For the next three hours, we drove over many of those irrigated ranch lands seeing his cattle, horses, hogs, and crops. As we returned to the house, I asked Holly if he would come to church that night and hear me preach. He responded with an emphatic “No!” When I enquired as to why he would not attend, he told me that all preachers were lazy good-for-nothing hypocrites. My heart burned for this man’s soul, and I wanted so desperately to reach him. But I knew that his experiences of the past had set his heart against God.
When the meetings ended, I asked the pastor if I could write Mr. Croy a letter and witness to him. With his permission, I sat down and bore my heart as best I knew how. I stated in that letter that I wished I had two lives—one to live as a preacher and one to live as Holly Croy’s hired man. I said, “Mr. Croy, if I could work for you I believe I could prove to you that not all Christians are hypocrites.” Each Christmas, Mrs. Croy would send us a card and inform my wife and I that Holly kept that letter in his wallet, and she would catch him reading it often.
Three years later I returned to Ennis for revival meetings. As Mrs. Croy came out after the service, I enquired about her husband. She said, “Nothing has changed. He’s still lost and doesn’t want to hear about it.” My heart yearned to see this man saved. I said, “I would sure like to see him while I am here.” She informed me that the next morning they would be branding cattle at 6:00 am and I should plan to come by.
Monday morning at 5:30 I pulled into the O’Dell Creek Ranch and found Mr. Croy and his boys already bringing the cows into a corral and beginning the process. They branded the old fashioned way. The metal brands were heated over a fire, the cattle were lassoed, and tackled to the ground and the brands applied. Everyone knew what they were supposed to do and did it with an amazing expertise. I climbed the corral fence and prayed for an opportunity. Suddenly, a young bull broke loose from the rope around his neck and charged in the direction where I sat. I leaped off the fence and grabbed him by the neck twisting him to the ground as I had seen the boys do in the moments preceding.

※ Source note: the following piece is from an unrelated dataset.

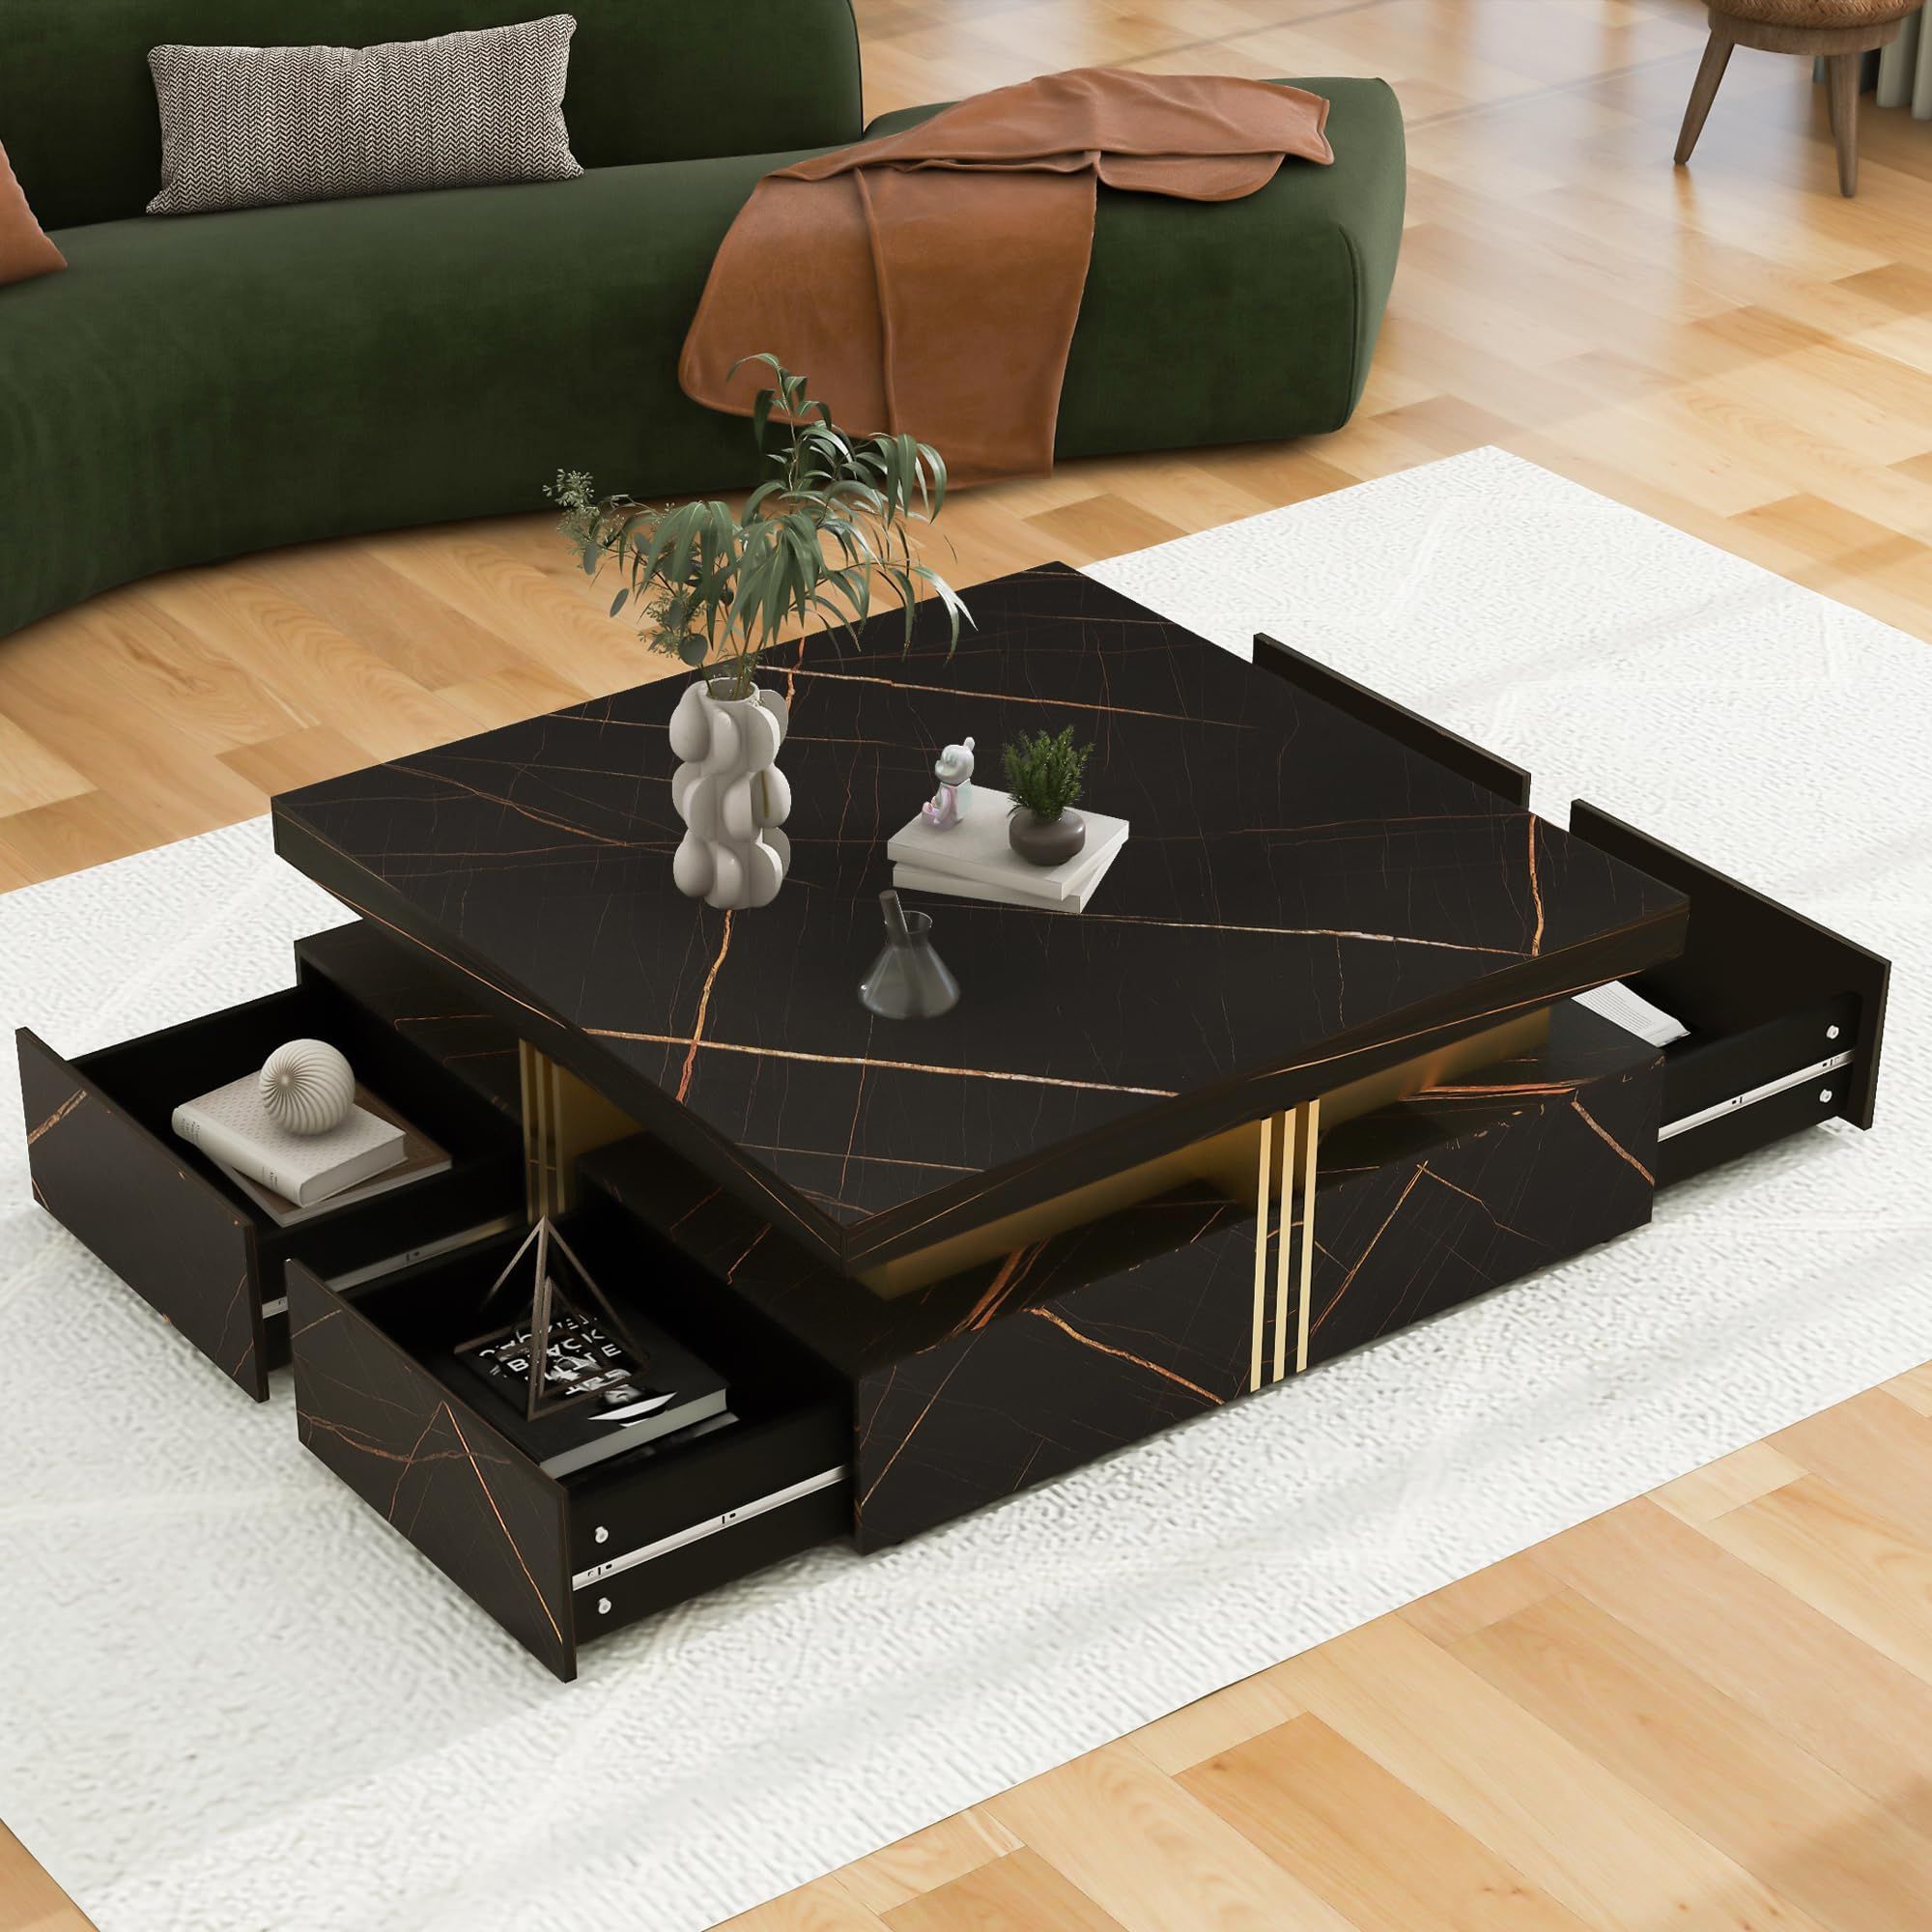 Transitional Square Coffee Tables With Regard To 2020 Amazon: Square Coffee Table With Storage Drawers For Living Room Mid  Century Modern Tea Table Unique Center Table Small Cocktail Tables For  Apartment, Black : Home & Kitchen (Photo 2 of 10)

There I was laying in the manure of that corral face to face with a giant bull. Mr. Croy applied the hot brands to the flesh as the boys held the legs. That cow bellowed and the fluids shot from its nose and mouth all over me. Holly cackled with laughter and said, “Man you picked a big one to start with.” I responded with, “I think he picked me!” For the next ten hours, I wrestled cows and prayed that God would speak to Holly’s heart. Guess what? He came to church that night!
I wish I could say that Holly got saved under my preaching. Many years passed, and one day Mr. Croy had a heart attack and was literally between life and death. There in that hospital room, his wife had the wonderful privilege of leading her husband to Christ. Two weeks later, he was with the Lord.
One day in college chapel I shared this story as an illustration in a message. A student by the name of Ben approached me after the service with tears in his eyes. He said, “Brother Goetsch, Holly was my grandfather! I had heard the story, but I never knew who the preacher was that came out and branded cows with my granddad. Thank you.” Ben has now graduated, and he and his wife are serving the Lord. I’m sure glad that many years ago, I “went to him.”
Is there someone you need to go to today? Keep your eyes open because needy souls are everywhere. They won’t all come to church. We must go where they are even if that’s an old corral at the O’Dell Creek Ranch. According to Jesus, being a real neighbor is doing just that.